Attempts by allies to explain the complete reversal have been comic. My favorite came from Trump campaign spokeswoman Katrina Pierson, who said this on CNN: "He hasn't changed his position on immigration, he's changed the words that he is saying."

That absurdist formulation sounds like something from the experimental writings of author Gertrude Stein — who, come to think of it, gave us the perfect blanket description of the entire Trump campaign: "There is no there there."

There never was any "there" in Trump's wild promises, many of which were not just impractical but impossible. No, he was never going to be able to roust millions of people from their homes. No, he was never going to be able to ban all foreign Muslims from entering the country.

Trump continues to claim that, if elected president, he will build a wall along the entire southern border and get Mexico to pay for it. This, too, would be logistically and politically impossible, but I believe he'll keep saying it until the bitter end. He seems to think he can get away with betraying supporters on the deportation issue by hiding behind his "artistically beautiful" imaginary wall.

I realize that most of Trump's ardent fans do not take kindly to being lectured by the likes of me. But it is with a certain degree of genuine sympathy that I say what has to be said: Your candidate is a flake. A fraud. A bag of air. A con man. A joke.

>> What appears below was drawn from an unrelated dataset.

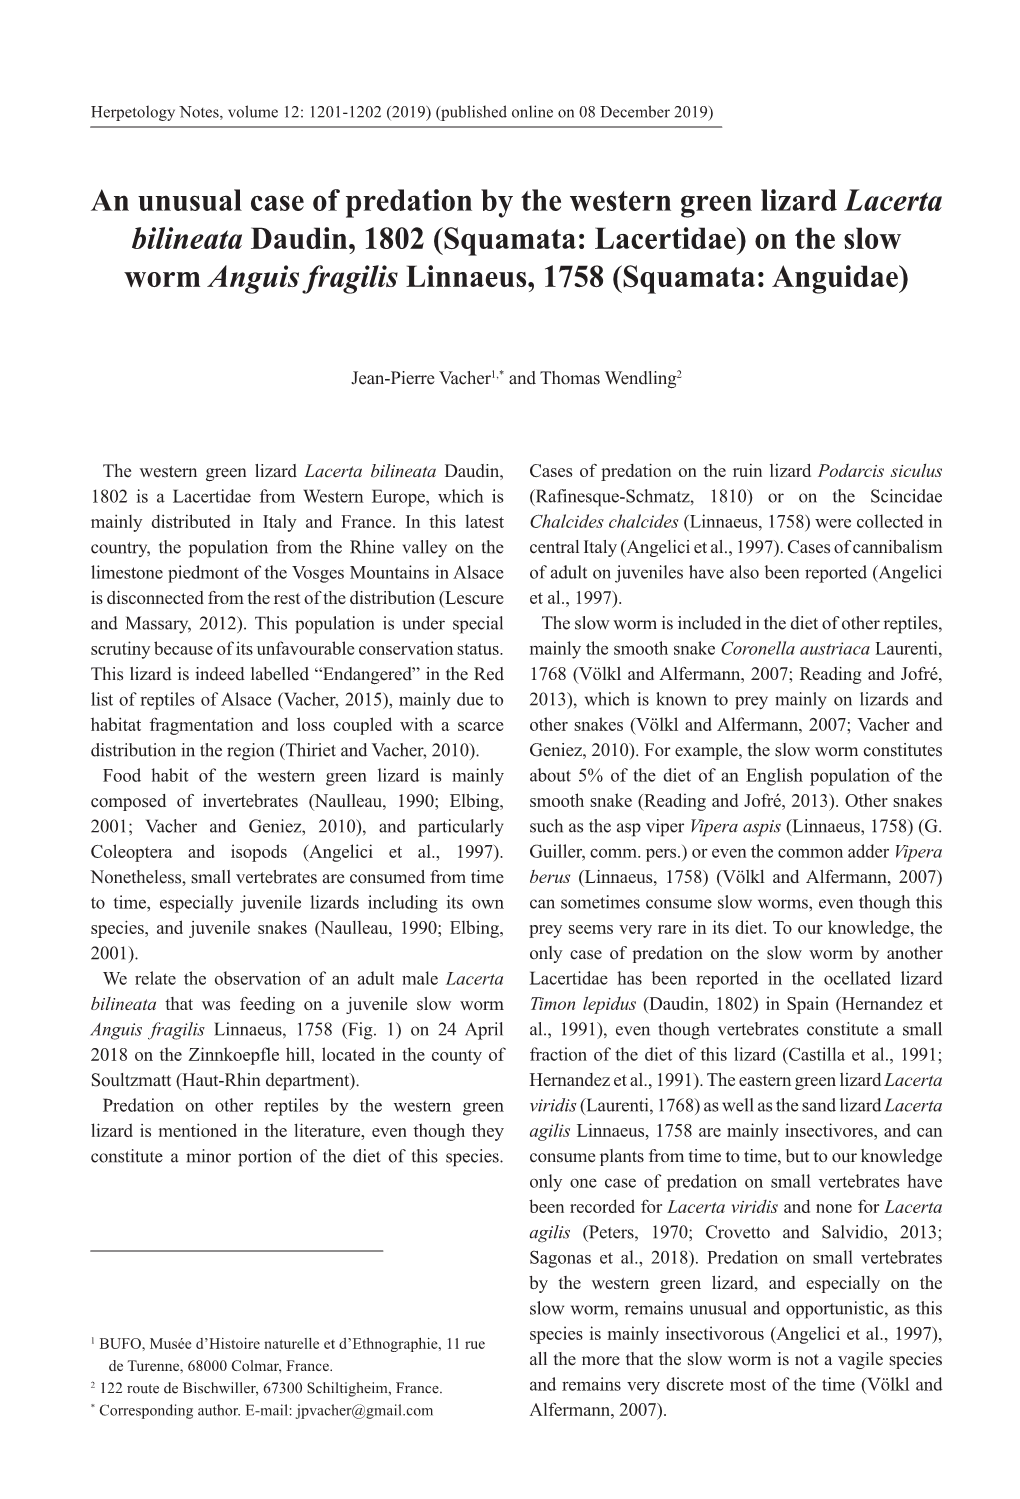 On the Slow Worm Anguis Fragilis Linnaeus, 1758 (Squamata: Anguidae)

I understand the frustration that made the Republican base such fertile ground for the Trump phenomenon to flourish. The GOP leadership spent the entire Obama administration making promises it knew it could not keep — on immigration, the economy, fighting terrorism, repealing Obamacare and so on. This was good short-term politics, especially in the 2010 and 2014 midterm elections, but many voters became disillusioned with politics and politicians. Enter Trump, a non-politician with zero scruples, who quickly identified which buttons to push — and pushed them like crazy.

I also understand that for some voters, Hillary Clinton is basically, as Trump called her, "the devil." There are those who will vote for Trump just to keep his opponent from becoming president.

But no one, at this point, should cling to the illusion that a vote for Trump is a vote for any specific policy on any given issue. Having said all kinds of outrageous things to win the nomination, he is now trying — clumsily — to say more moderate things in an attempt not to get crushed in November. I wouldn't take his new, "humane" immigration stance any more seriously than his earlier draconian pronouncements.

In a sense, spokeswoman Pierson was right: Trump doesn't actually have positions. He only has words.

There is anger, bigotry and ignorance behind many of those words. But mostly, where substance ought to be found, there is just arrogance and ego. Trump thinks his supporters are suckers who will line up to buy deportation one day and amnesty the next. Some champion.